Commentary

The USMCA: A Christmas Gift You Won’t Want to 'Trade' In

By Kay Coles James | December 26, 2019 | 7:52am EST
Mexico's President Enrique Pena Nieto, President Donald Trump, and Canadian Prime Minister Justin Trudeau sign a new free trade agreement in Buenos Aires on November 30, 2018, on the sidelines of the G20 Leaders' Summit. (Photo by MARTIN BERNETTI/AFP via Getty Images)
Mexico's President Enrique Pena Nieto, President Donald Trump, and Canadian Prime Minister Justin Trudeau sign a new free trade agreement in Buenos Aires on November 30, 2018, on the sidelines of the G20 Leaders' Summit. (Photo by MARTIN BERNETTI/AFP via Getty Images)

President Trump’s United States-Mexico-Canada Agreement (USMCA) came up for a vote just in time for Christmas.

After nearly a year of delay, this gift for the American people represents an opportunity for freer trade and a chance to grow our economy, reduce prices on many goods, and increase our exports to the world, creating more and higher-paying jobs in the process.

As we all know, just like with other Christmas gifts, you can also get the occasional ugly sweater that you really didn’t want. The same is true here.
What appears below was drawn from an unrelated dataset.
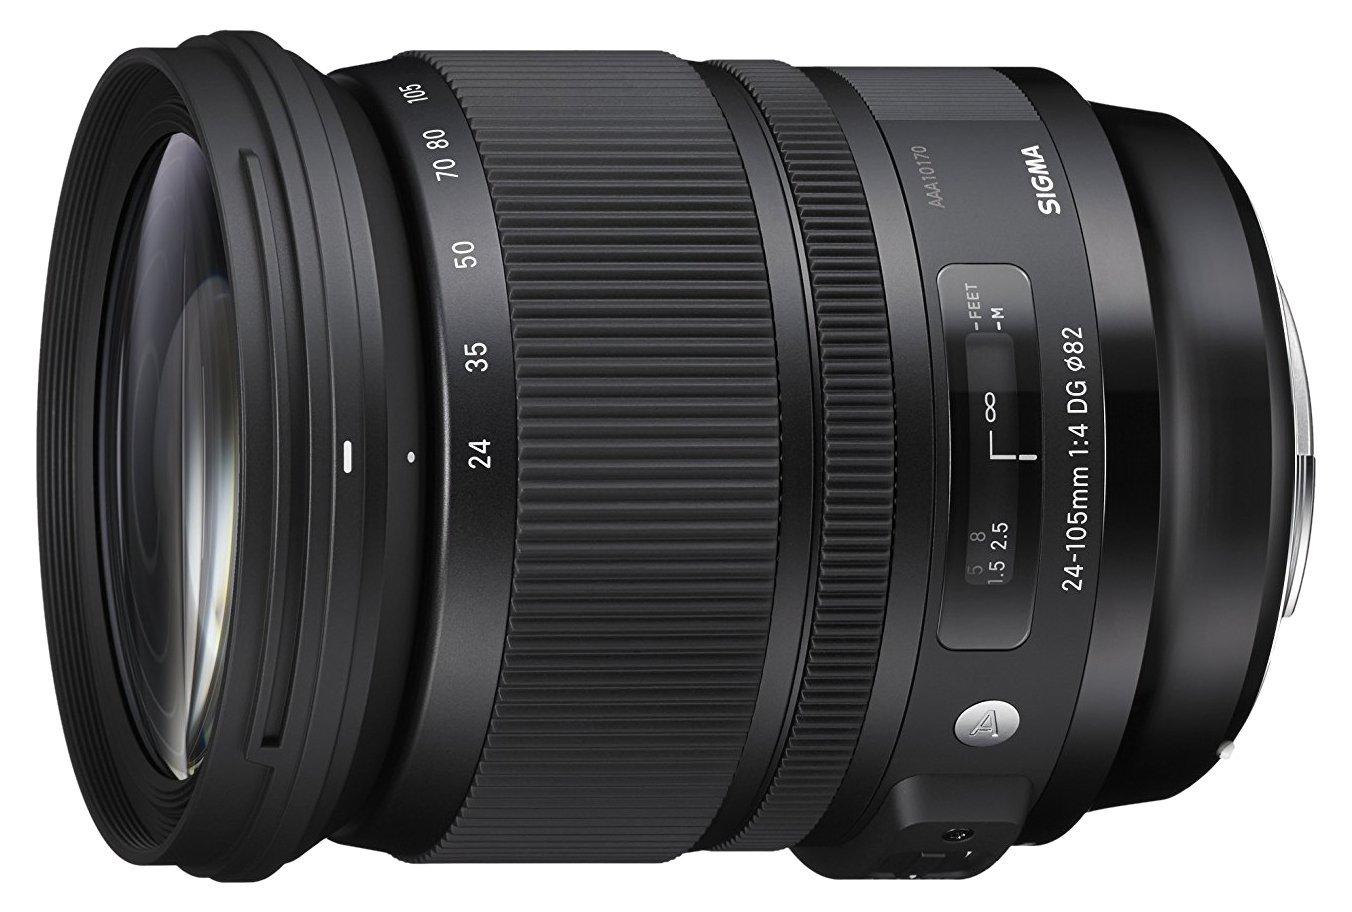 Sigma mm F DG OS HSM Objetivo para cámara réflex Nikon estabilizador

Some compromises were made to get the USMCA through Congress, like labor and environmental provisions that actually will create some barriers to trade and cause cost increases with certain goods.

However, just like you wouldn’t cancel Christmas gift-giving because you might get one of Aunt Janice’s homemade reindeer sweaters, the effect of these extra provisions doesn’t outweigh the fact that the overall agreement is truly in the best interest of America’s families, workers, businesses, and farmers.

The USMCA would update the North American Free Trade Agreement (NAFTA). When NAFTA was passed in 1994, it created one of the largest free-trade zones in the world, allowing America to export more products and services, create more jobs, and grow the economy.

Additionally, NAFTA allowed American businesses to develop better supply chains where they could draw from the best and most competitively priced products and raw materials from throughout North America. Businesses could trade them across borders without tariffs, lowering the overall costs of the end products. That process has helped many American products become even more competitively priced around the world.

The USMCA continues NAFTA’s benefits while also opening up new markets for American farmers to sell their goods. Specifically, U.S. agricultural producers will have better access to the Canadian market to sell products such as milk, cheese, wheat, chicken, eggs, and turkey.

Moreover, one of the most significant gains with the new USMCA agreement is the assurance that an ever-growing way of doing business — digital trade — will remain free. When NAFTA was created, e-commerce didn’t really exist and buying and selling freely over the Internet wasn’t an issue. USMCA prohibits our member governments from imposing protectionist regulations that could inhibit companies and individuals from trading online across borders.

The USMCA also includes new protections for patents, copyrights, and trademarks. This will benefit consumers by bringing more innovative products and services to market, as inventors and investors are able to create them without fear of them being stolen by others within the free-trade zone.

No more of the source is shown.